Begünstigungsverbot
Kurzbeschreibung
Das Begünstigungsverbot schützt die Unabhängigkeit der betrieblichen Interessenvertretung. Es verbietet, Mitglieder des Betriebsrats oder andere betriebsverfassungsrechtliche Funktionsträger wegen ihrer Tätigkeit besser zu stellen als vergleichbare Beschäftigte. Dadurch soll verhindert werden, dass Vorteile als Gegenleistung für ein bestimmtes Verhalten gewährt oder Betriebsratsmitglieder beeinflusst werden.

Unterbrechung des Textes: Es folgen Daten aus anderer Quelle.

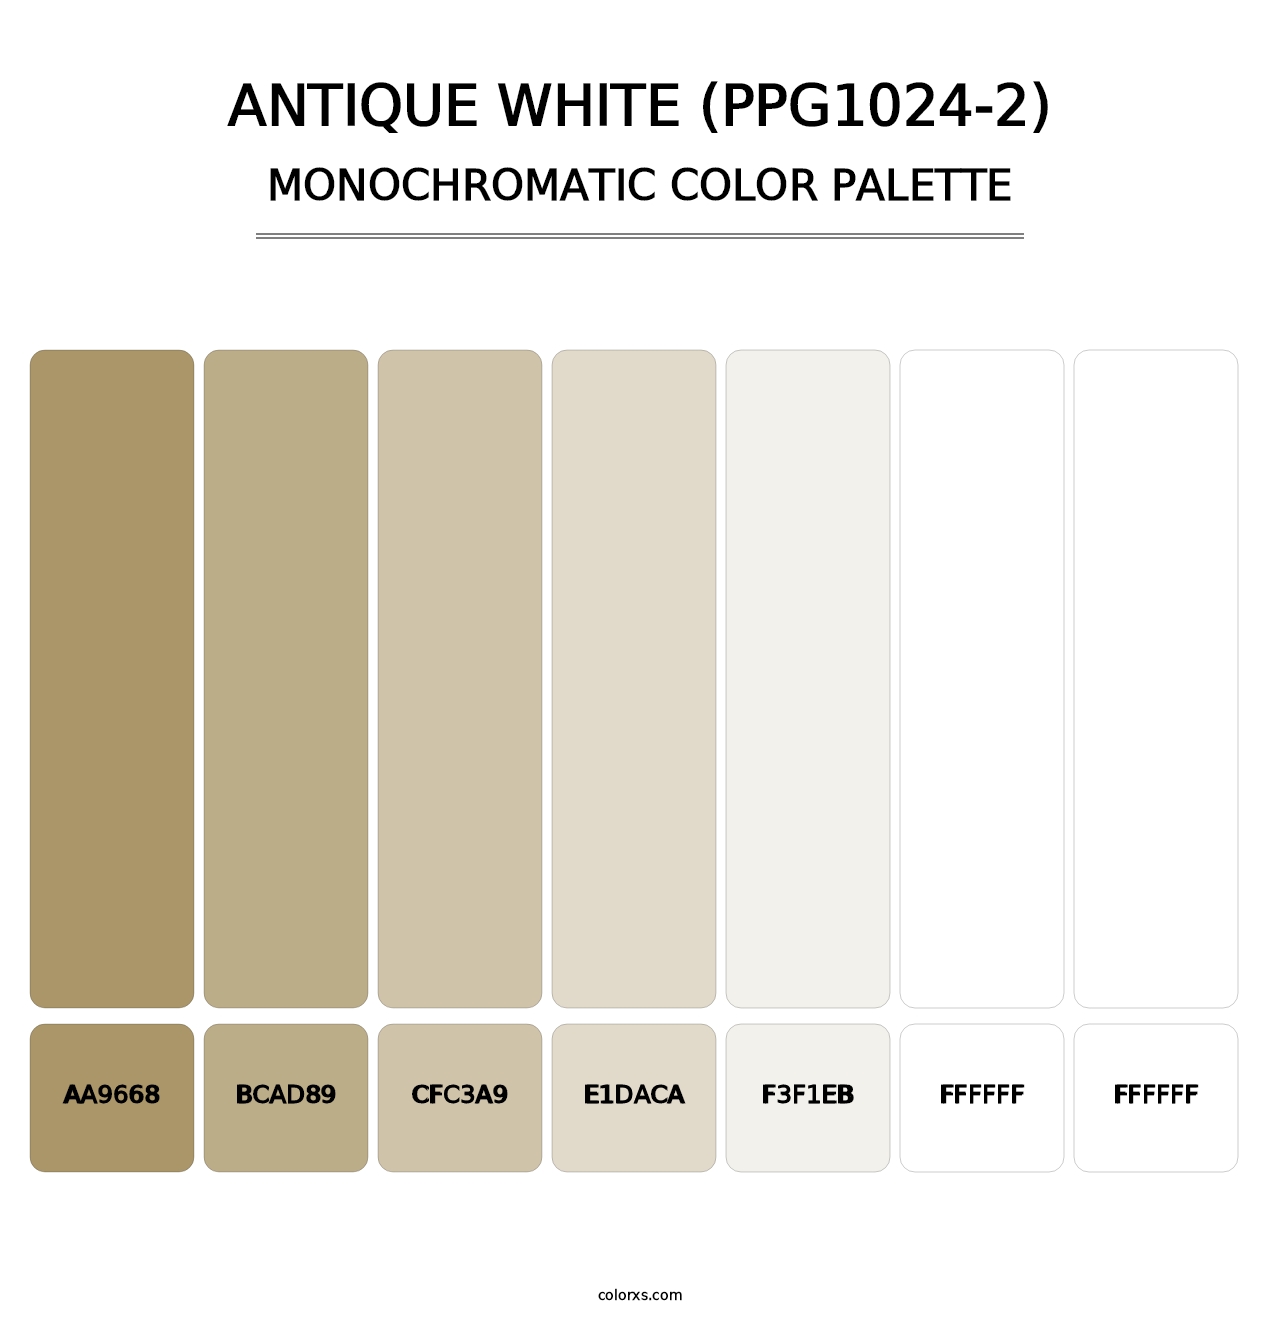 Antique White (PPG1024-2) - Monochromatic Color Palette
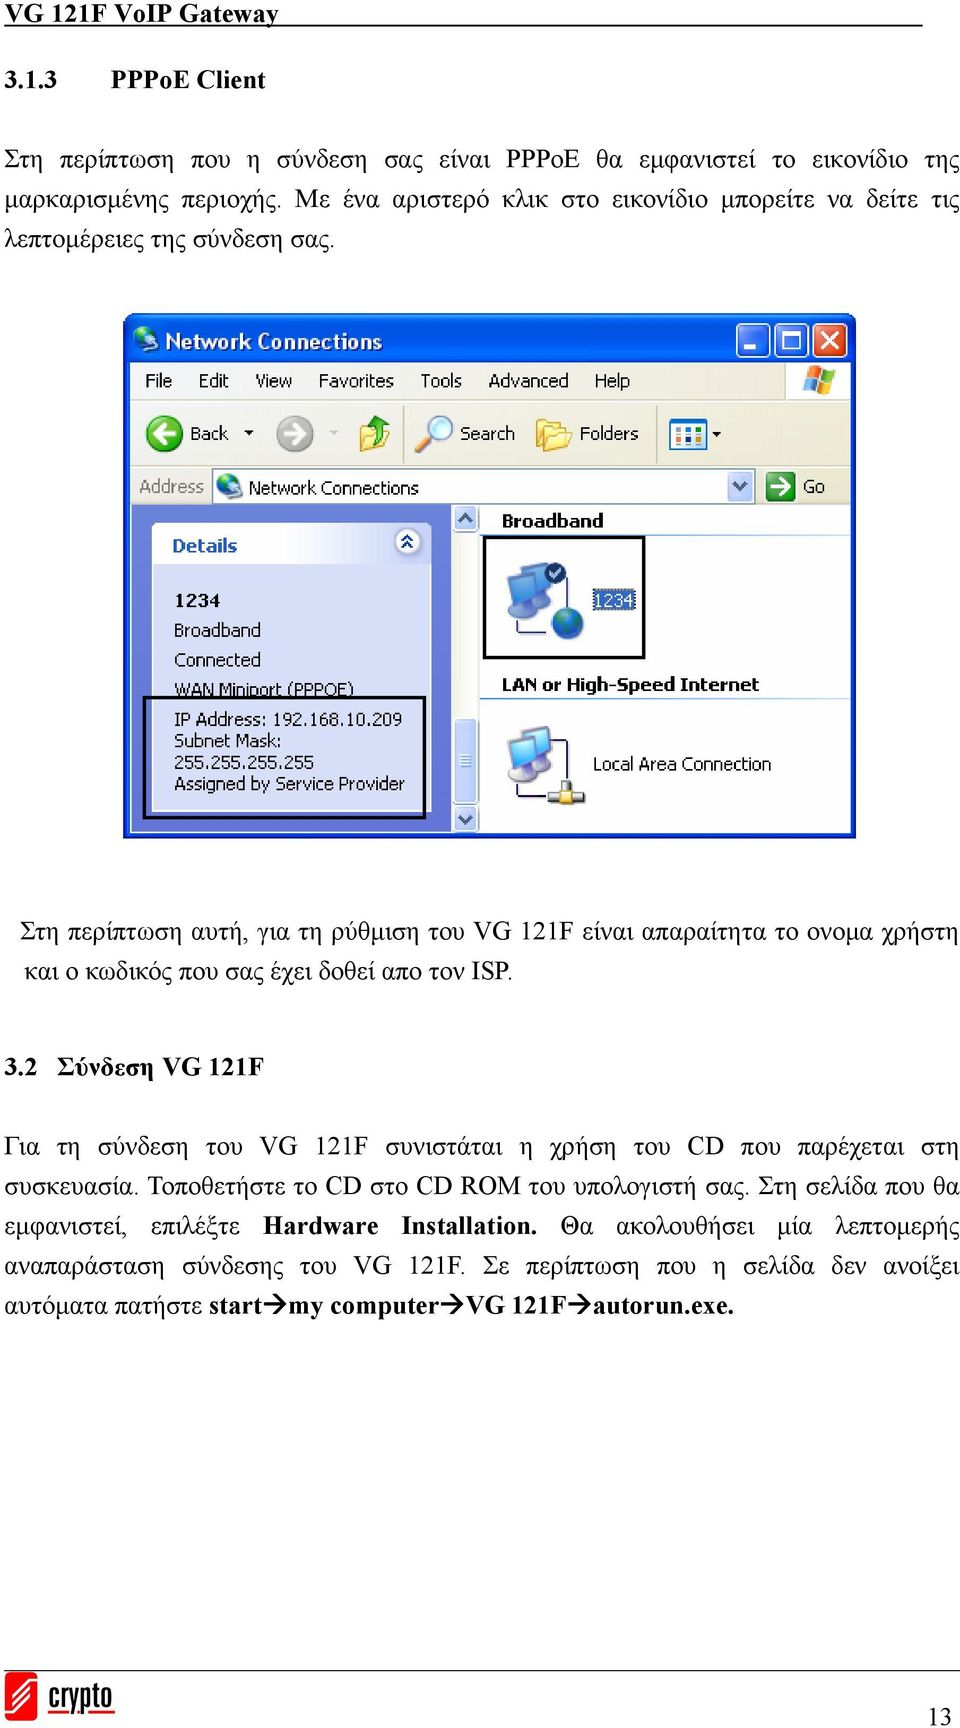 Στη περίπτωση αυτή, για τη ρύθμιση του VG 121F είναι απαραίτητα το ονομα χρήστη και ο κωδικός που σας έχει δοθεί απο τον ISP. 3.

Die wichtigste gesetzliche Grundlage ist §78 BetrVG. Das Begünstigungsverbot steht dort gleichrangig neben dem Benachteiligungsverbot. Beide Vorschriften gewährleisten eine unabhängige und unbeeinflusste Betriebsratsarbeit.
Gesetzliche Grundlagen
Wichtige Vorschriften:
- §78 BetrVG – Benachteiligungs- und Begünstigungsverbot
- §37 BetrVG – Ehrenamt und Arbeitsbefreiung
- §38 BetrVG – Freistellung von Betriebsratsmitgliedern
- §119 BetrVG – Strafvorschriften
- Art. 3 GG – Gleichheitsgrundsatz
Ziel des Begünstigungsverbots
Das Begünstigungsverbot soll:
- die Unabhängigkeit des Betriebsrats sichern
- Einflussnahmen verhindern
- Korruption vermeiden
- Gleichbehandlung gewährleisten
- Vertrauen in die Betriebsratsarbeit stärken
- die freie Amtsausübung schützen
Bedeutung des Begünstigungsverbots
Das Begünstigungsverbot beantwortet die Fragen:
«Darf ein Betriebsratsmitglied wegen seines Amtes besser behandelt werden?»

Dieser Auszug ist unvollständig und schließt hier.